Though her interest in volunteering was set from the very beginning of her college career, Yang’s academic interests only became clear after a long process of soul-searching.
“When I started here, I wasn’t sure what I actually liked. I started taking finance classes because my family wanted me to try it,” Yang says. However, after interning at financial companies during the summers after her second and third years, Yang couldn’t see herself in the finance sector. In the meantime, Yang had discovered a new academic interest. After taking the IMA course, Interaction Lab, to meet the science requirement of the core curriculum, Yang discovered a passion for data and coding.
“Though it seems like I stumbled into data science, I think it was actually inevitable,” Yang says. “I was fascinated by the coding aspect. It was just so cool to realize an idea through code!”

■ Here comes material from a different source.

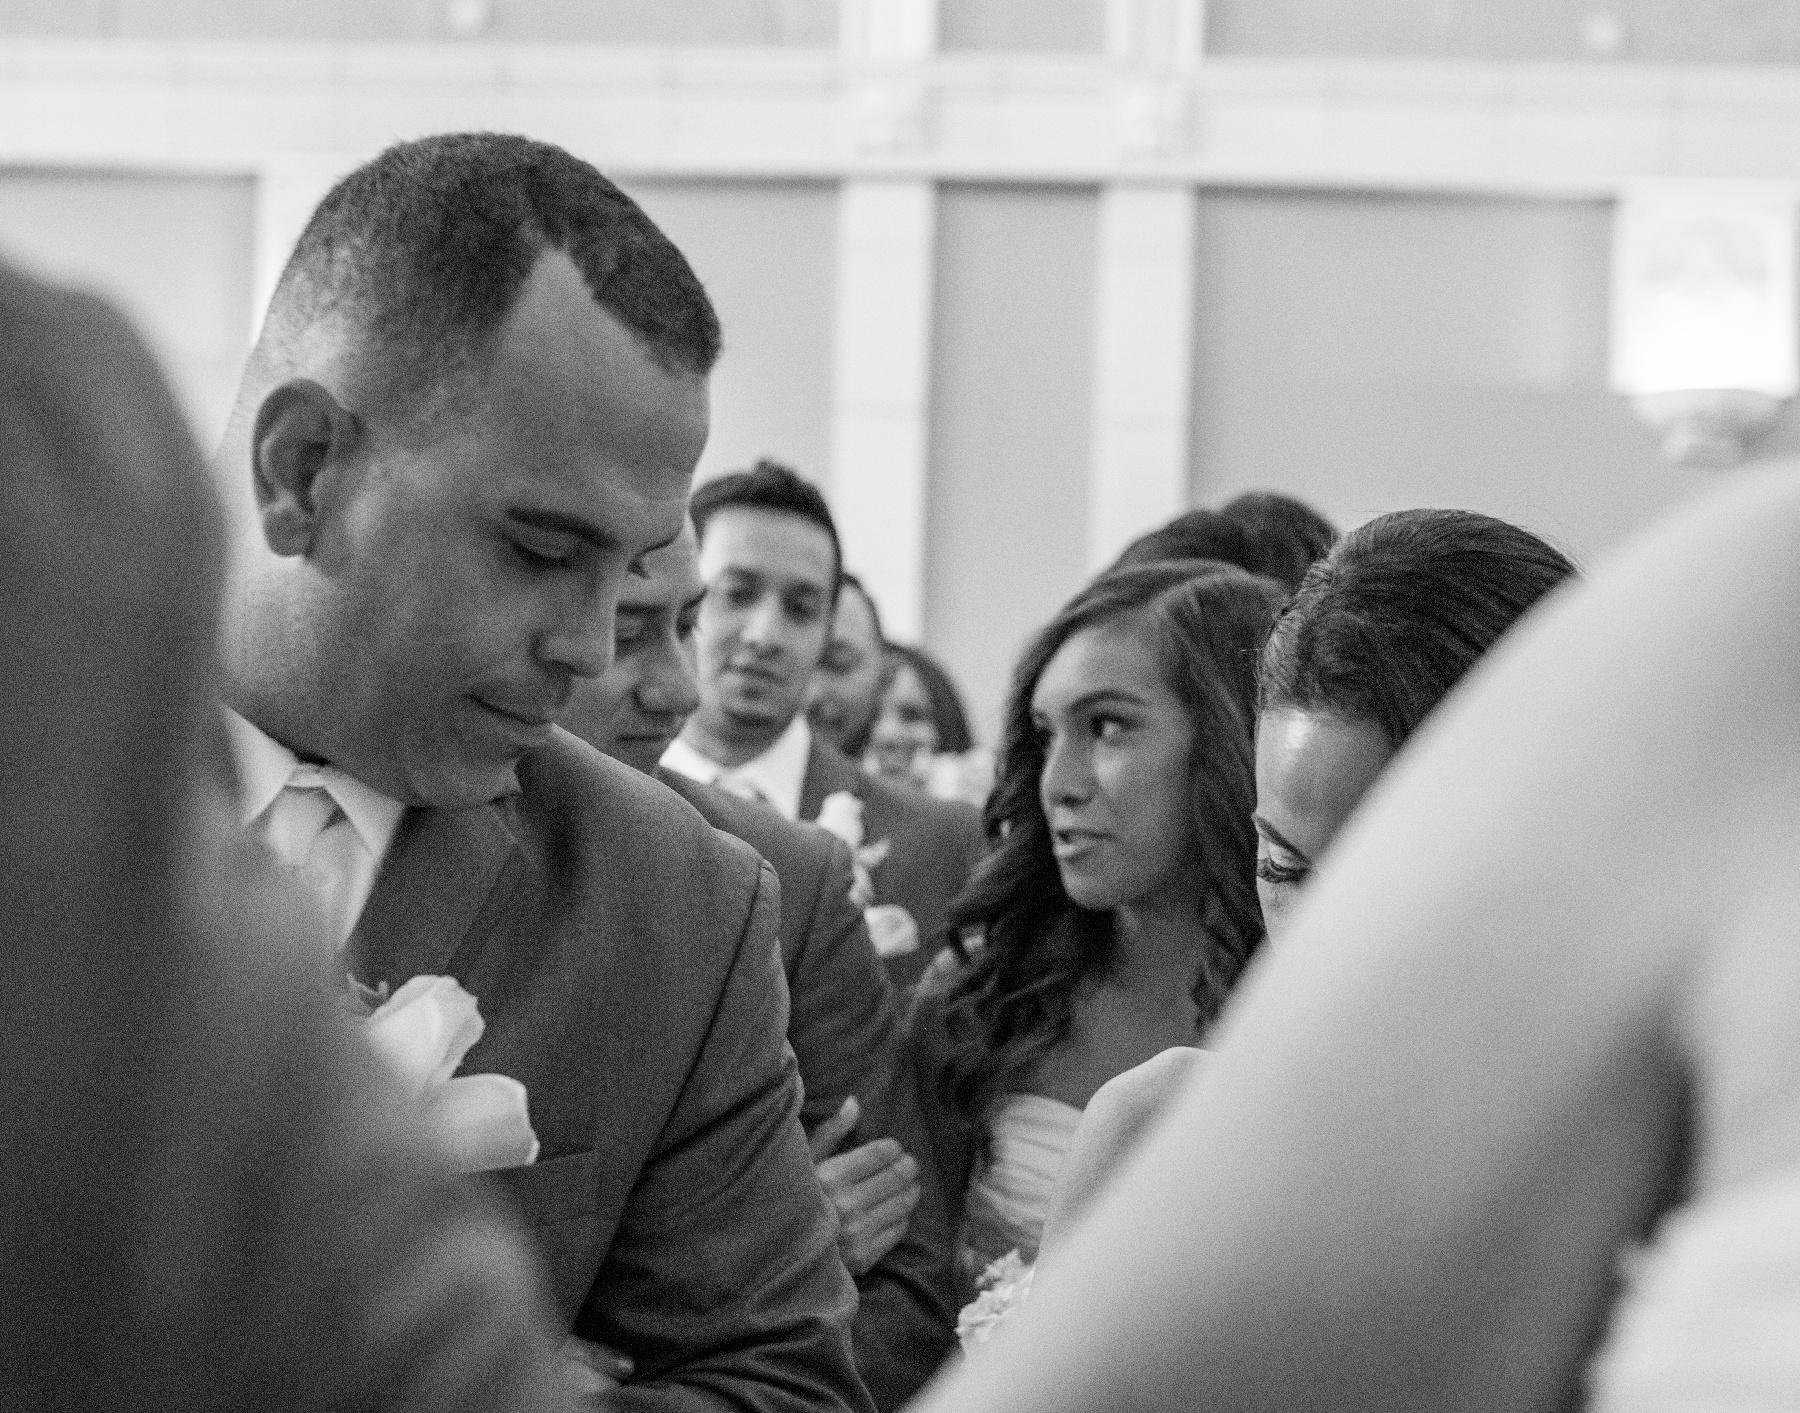 hugo and jimmy wedding 2014-10-05 22

While she was studying away in New York during her third year, Yang took the Introduction to Programming and Data Science course at NYU Stern. “It was a heavy course-load,” says Yang. “It was full-stack programming. We learned how to use web crawlers, construct databases, analyze data, and design websites.”
Yang says that the systematic nature of the course nurtured a love of data mining and analysis, and affirmed her decision to choose data science as a second major.
During study-away in New York, Yang Xiaohan also took the University Honors Leadership Course. In this class, the professor brought students to DC to visit the Supreme Court and interact with judges.
After returning to NYU Shanghai for her final year of university, Yang worked on a research project in her Machine Learning course under the direction of Enric Junqué de Fortuny, which uses linear regression, gradient descent, and neural networks. Yang and her team’s project involves concert pricing and venue selection, and is aimed at helping independent music groups set competitive ticket prices, and find the best venues.
Yang has learned to apply her data science know-how to other disciplines. She is assisting Assistant Professor Faculty Fellow of Engineering, Chen Zhibin in his work on transportation planning and new energy vehicles.
After graduation, Yang will return to Chengdu, and join a research project by the Institution of New Economic Development. “At this think tank, I will be doing research with Professor Zhou Tao, who is quite influential in China’s big data sector,” says Yang. “One of their ongoing projects is using information from CVs to analyze gender equality.”
Yang says her interest in this research topic is the real motivator behind her decision to return home. She recalls reading texts on topics of gender in her Global Perspectives on Society course during freshman year, and says this course introduced her to foundational feminist theories.
“Returning to Chengdu also means I’ll be on the ground for many of FutureChina’s efforts. We need people in Chengdu right now,” Yang says.
Kendrick says she is impressed with Yang’s determination to bring both the hard skills and ethical foundations she has built in school to her goals for social work. “She is not afraid to take risks and devote herself to her organization,” say Kendrick. “I wish her strength, courage and renewed dedication to her social efforts!”
Yang says she will miss the open and inclusive environment at NYU Shanghai. “This school is always encouraging everyone to think about who they really want to be. This gave me the courage to do what I’m truly interested in,” says Yang. “If I had gone somewhere else, perhaps I would still be adrift and unsure, afraid to make my own decisions.”